··· GIVEN INFORMATION
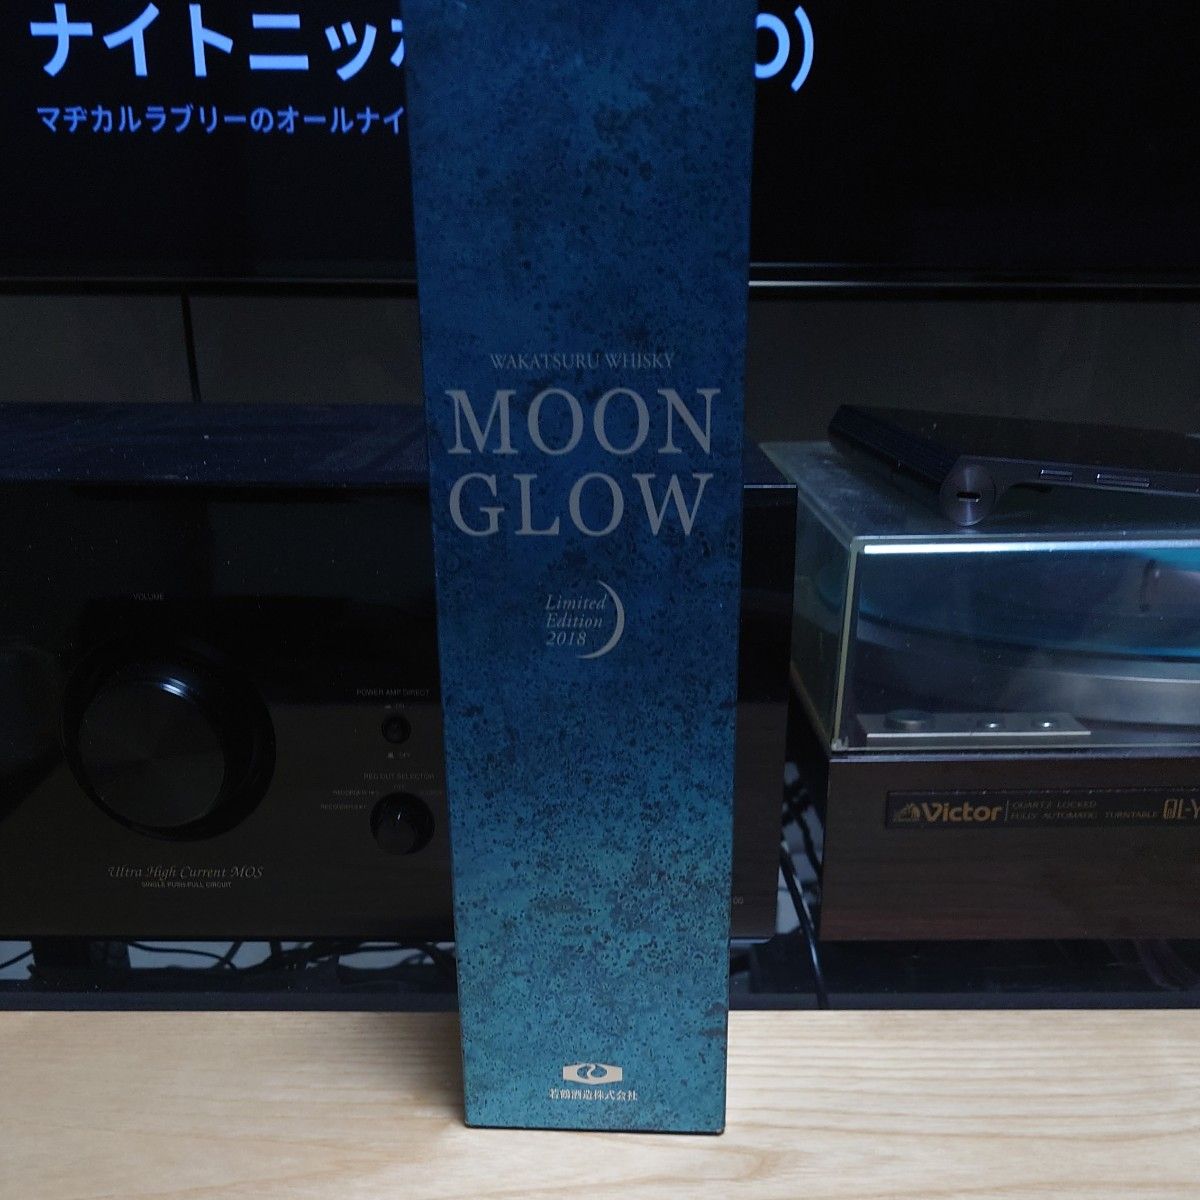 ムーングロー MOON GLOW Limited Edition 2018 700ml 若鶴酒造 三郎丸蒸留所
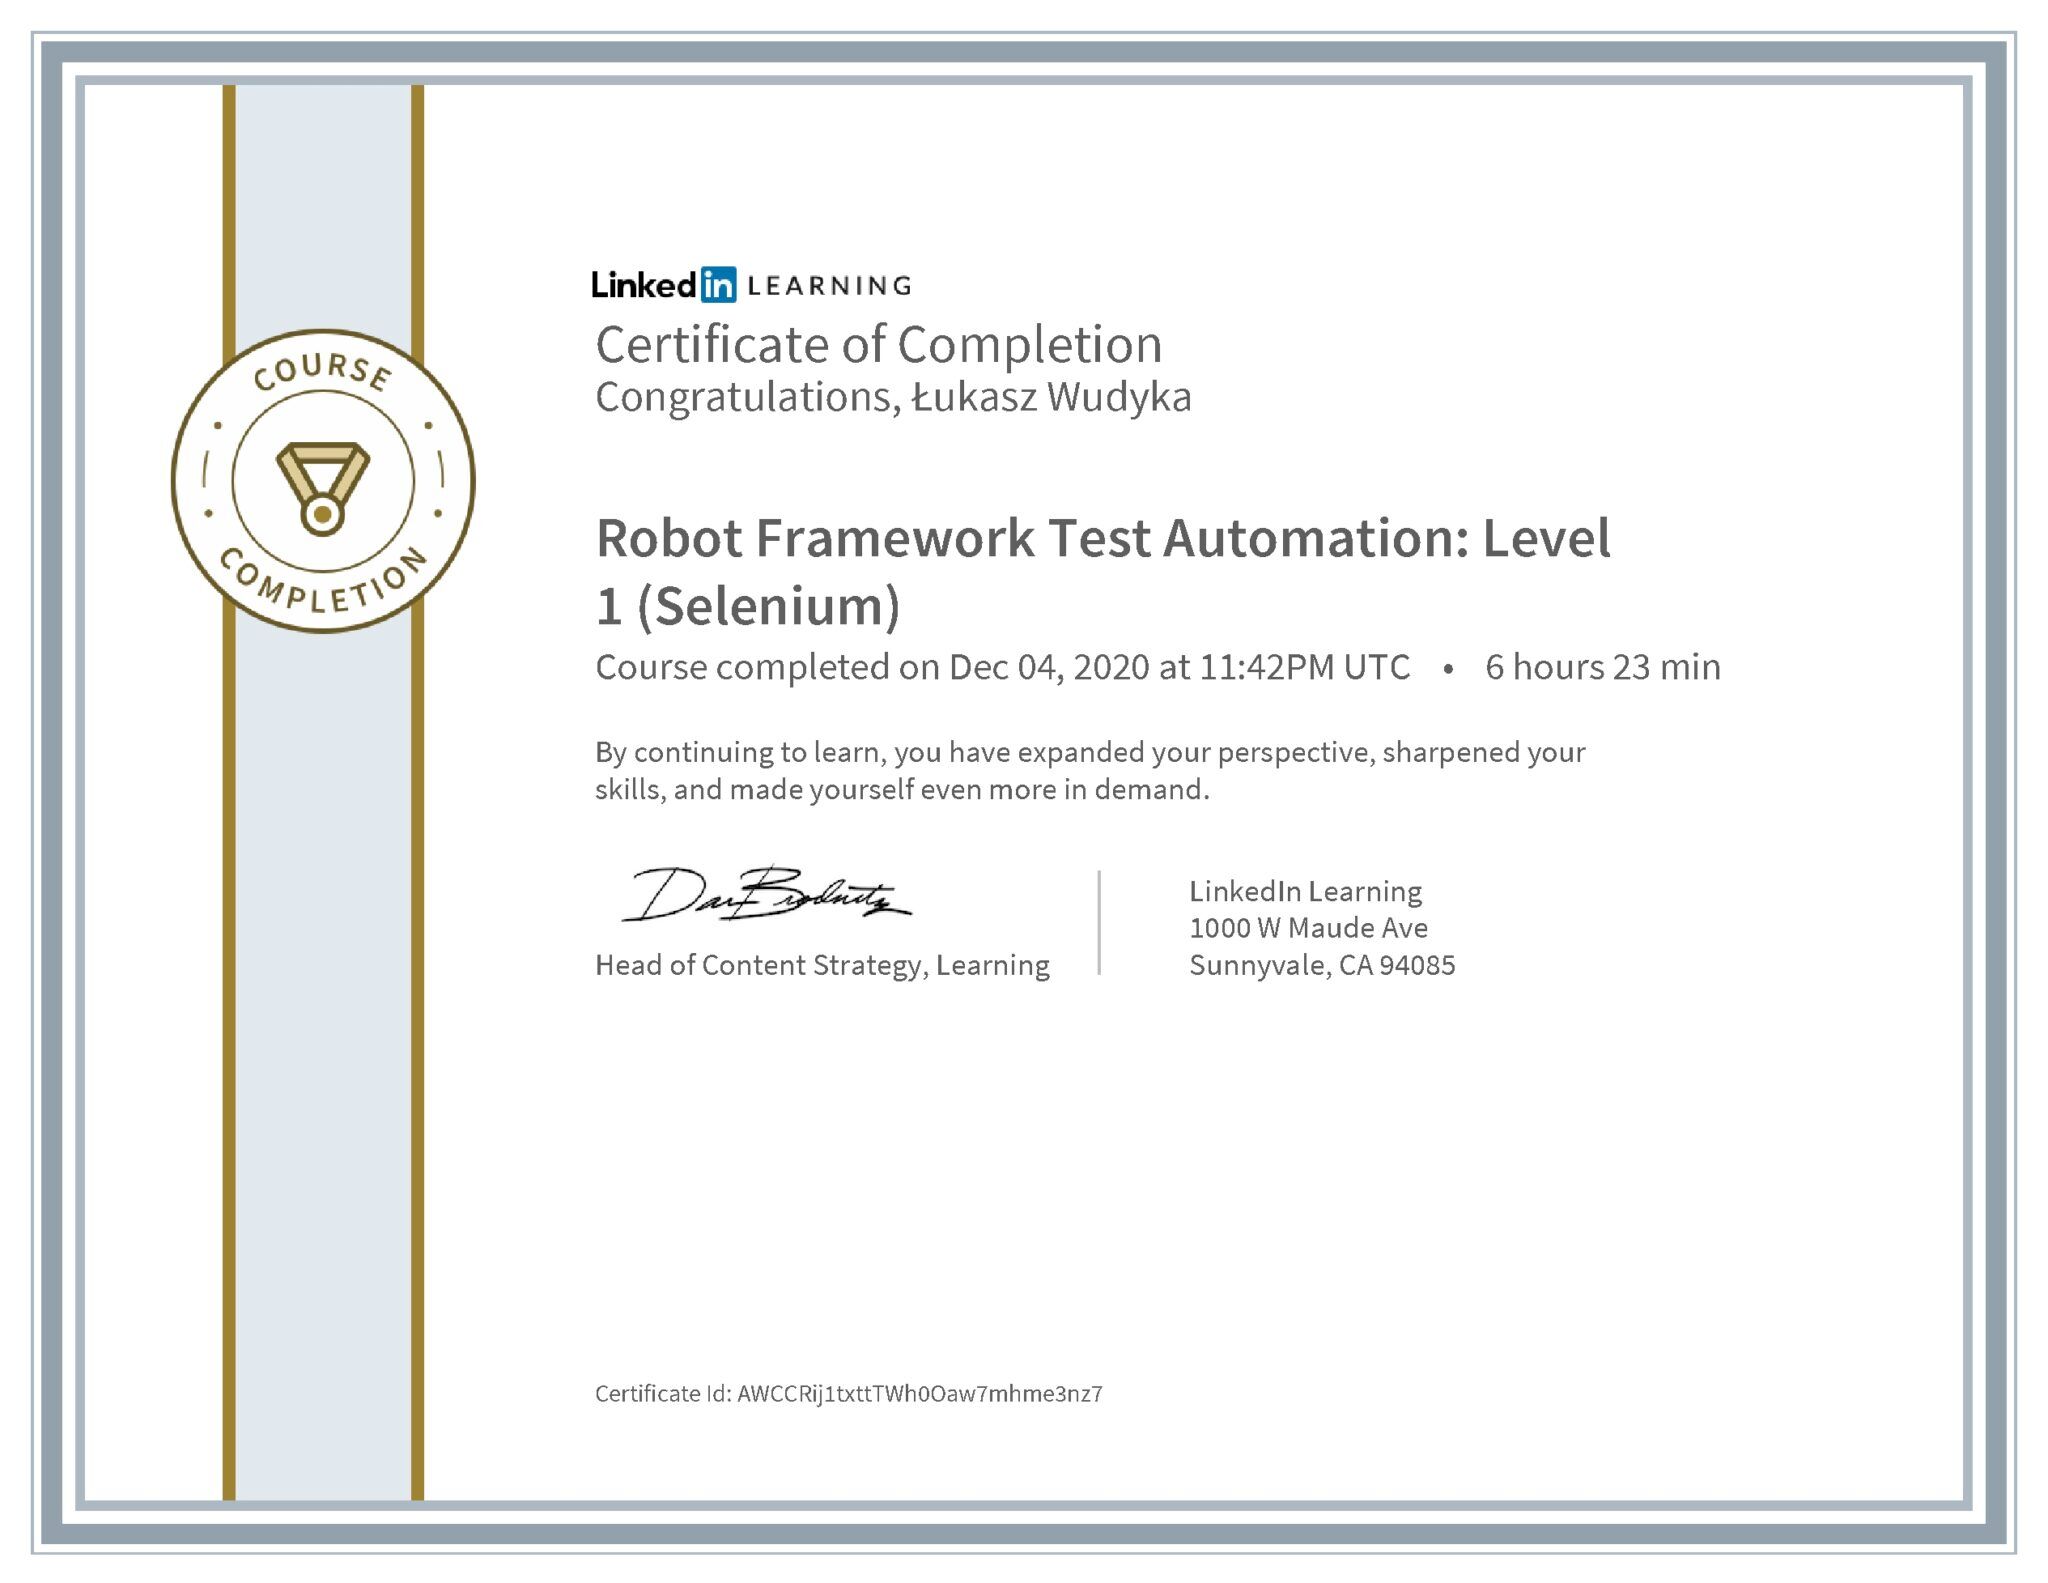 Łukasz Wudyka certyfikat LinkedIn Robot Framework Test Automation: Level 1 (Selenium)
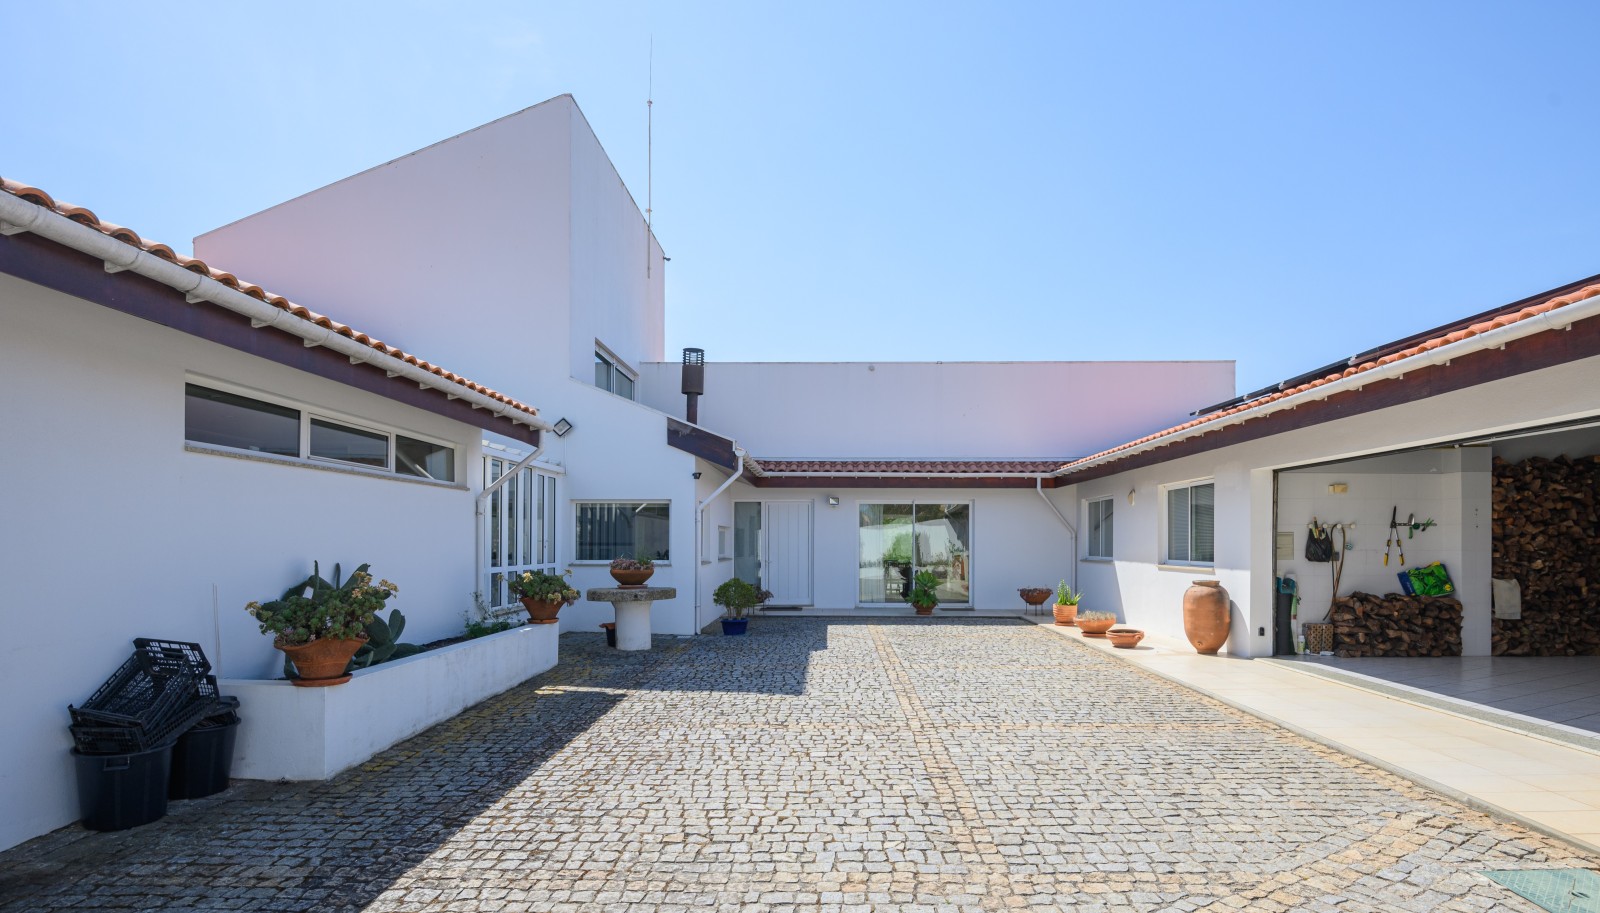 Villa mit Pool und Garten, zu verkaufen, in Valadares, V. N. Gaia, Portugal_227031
······
WORK INSTRUCTION — Print the lines from the one that contains "Łukasz Wudyka certyfikat" through the final line of the material above, exactly and only those, with pictures left out.

TASK SOLUTION —
 Łukasz Wudyka certyfikat LinkedIn Robot Framework Test Automation: Level 1 (Selenium)
 Villa mit Pool und Garten, zu verkaufen, in Valadares, V. N. Gaia, Portugal_227031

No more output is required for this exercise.